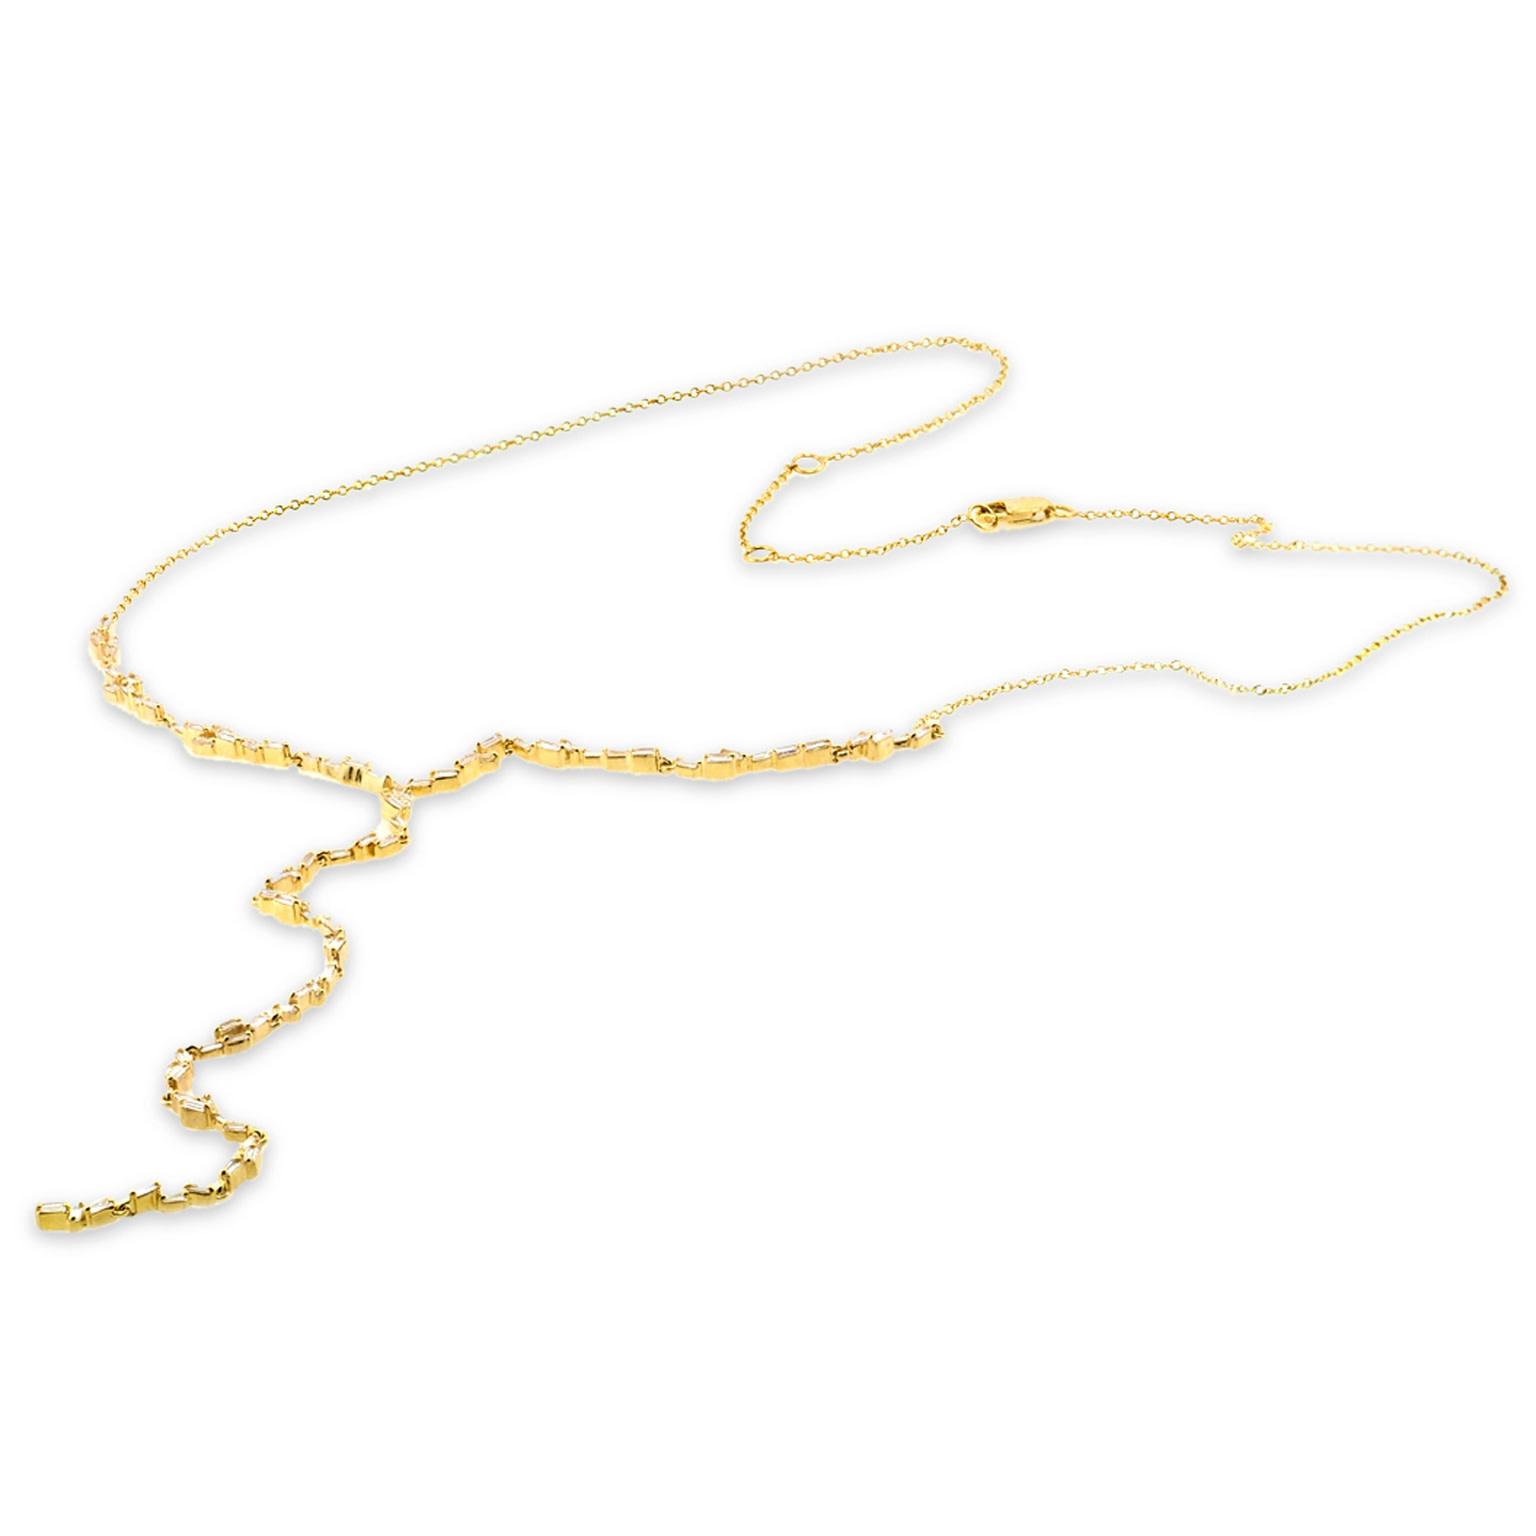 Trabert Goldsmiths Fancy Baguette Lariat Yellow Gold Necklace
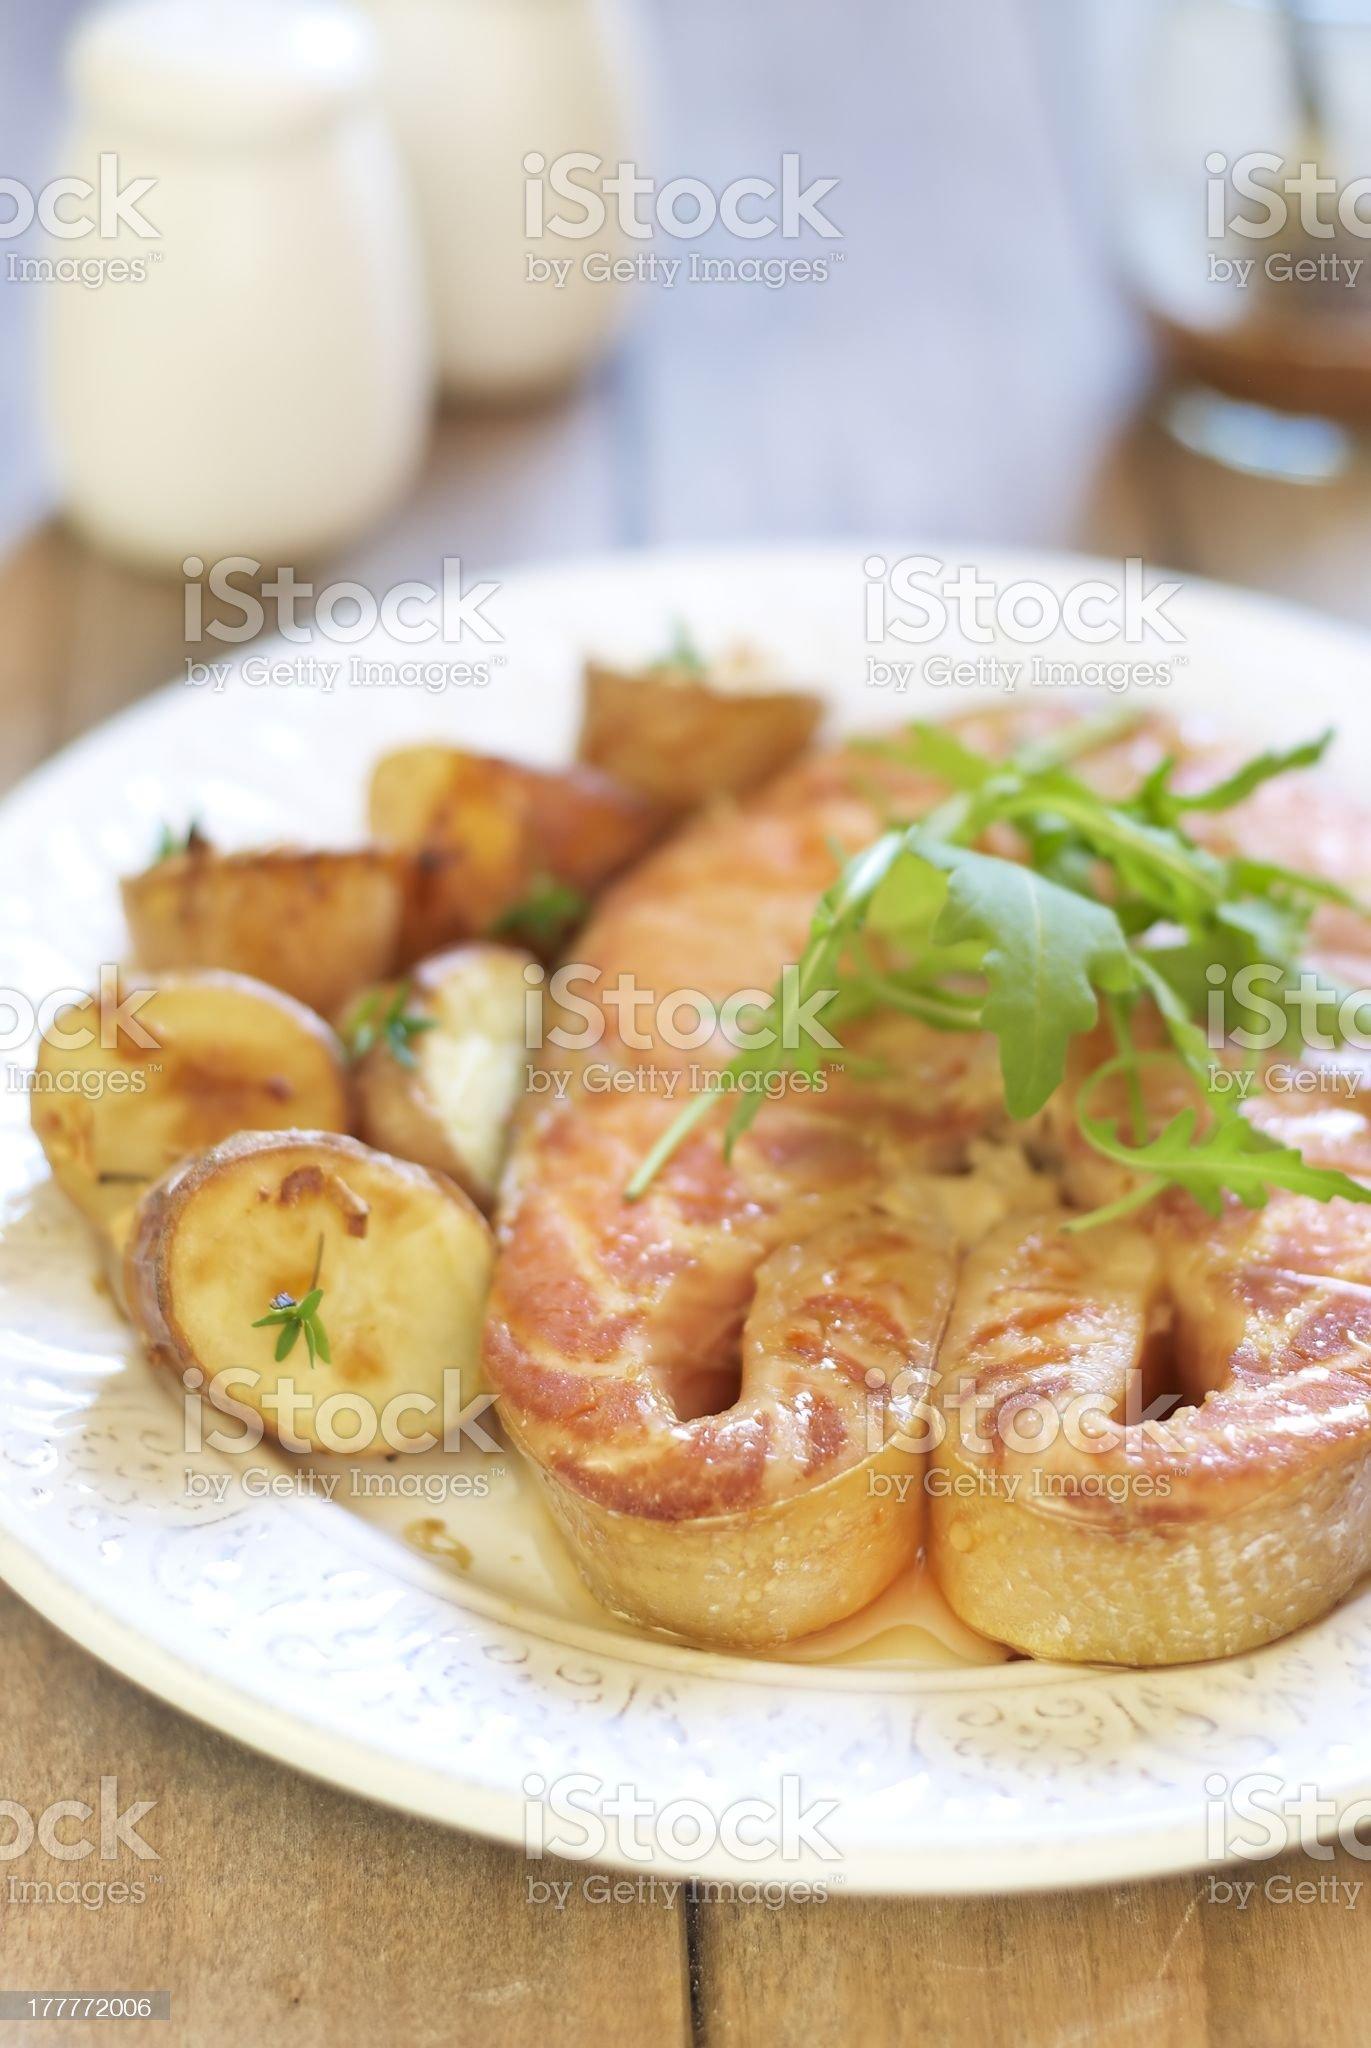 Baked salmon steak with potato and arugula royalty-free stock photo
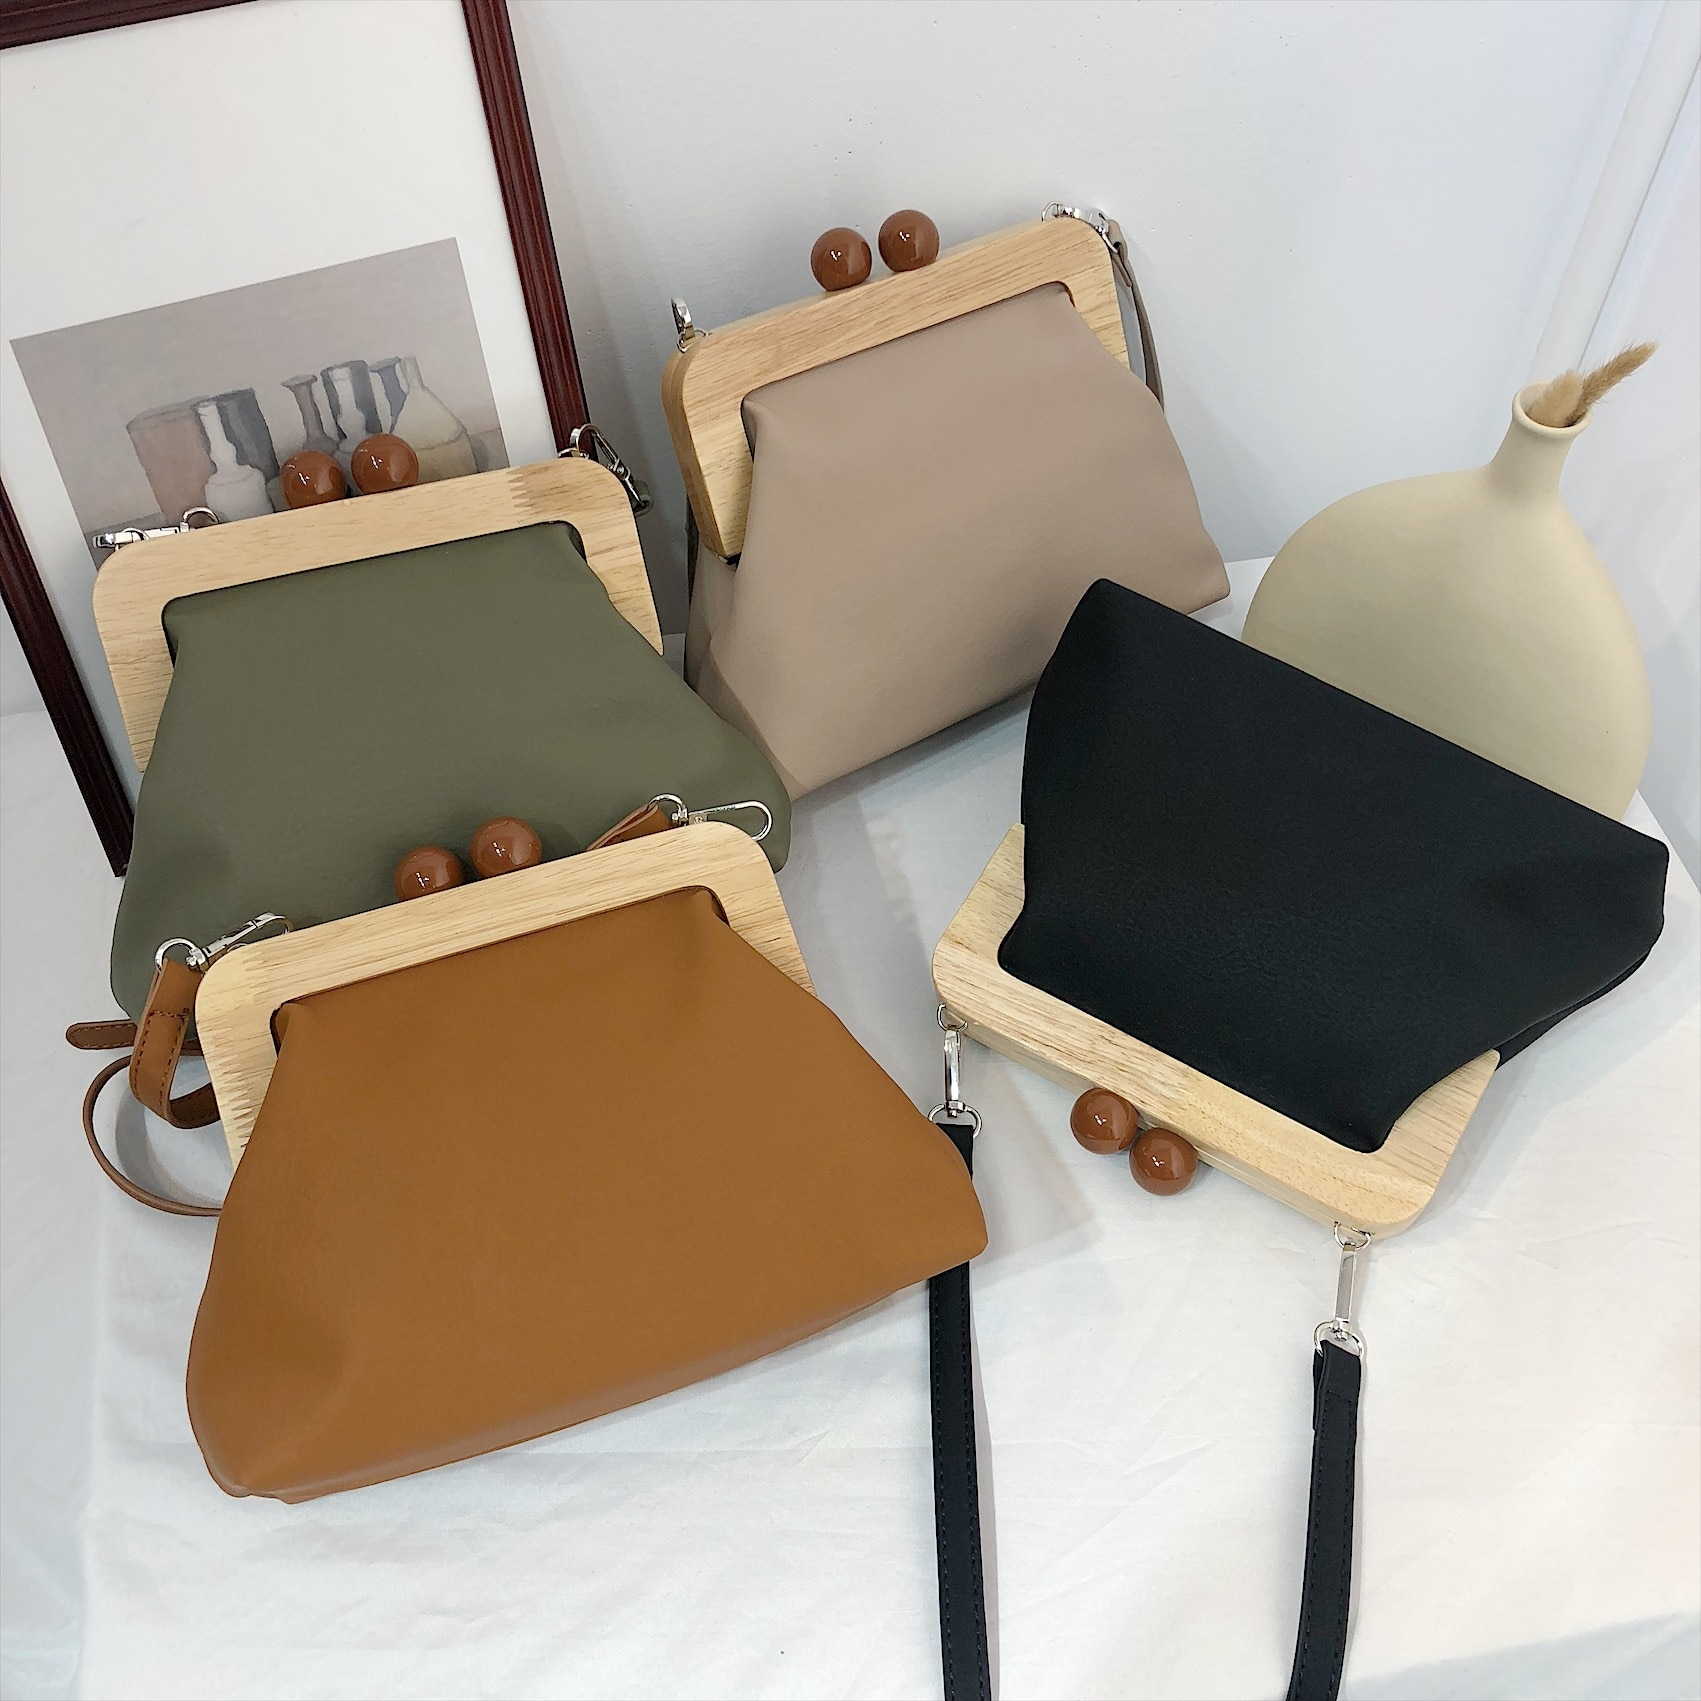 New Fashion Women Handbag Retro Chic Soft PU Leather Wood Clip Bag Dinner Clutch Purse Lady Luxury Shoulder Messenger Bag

About this task: Exact repetition of the material above is required, with the images removed.

Solution to this task:
 Trabert Goldsmiths Fancy Baguette Lariat Yellow Gold Necklace
 Baked salmon steak with potato and arugula royalty-free stock photo
 New Fashion Women Handbag Retro Chic Soft PU Leather Wood Clip Bag Dinner Clutch Purse Lady Luxury Shoulder Messenger Bag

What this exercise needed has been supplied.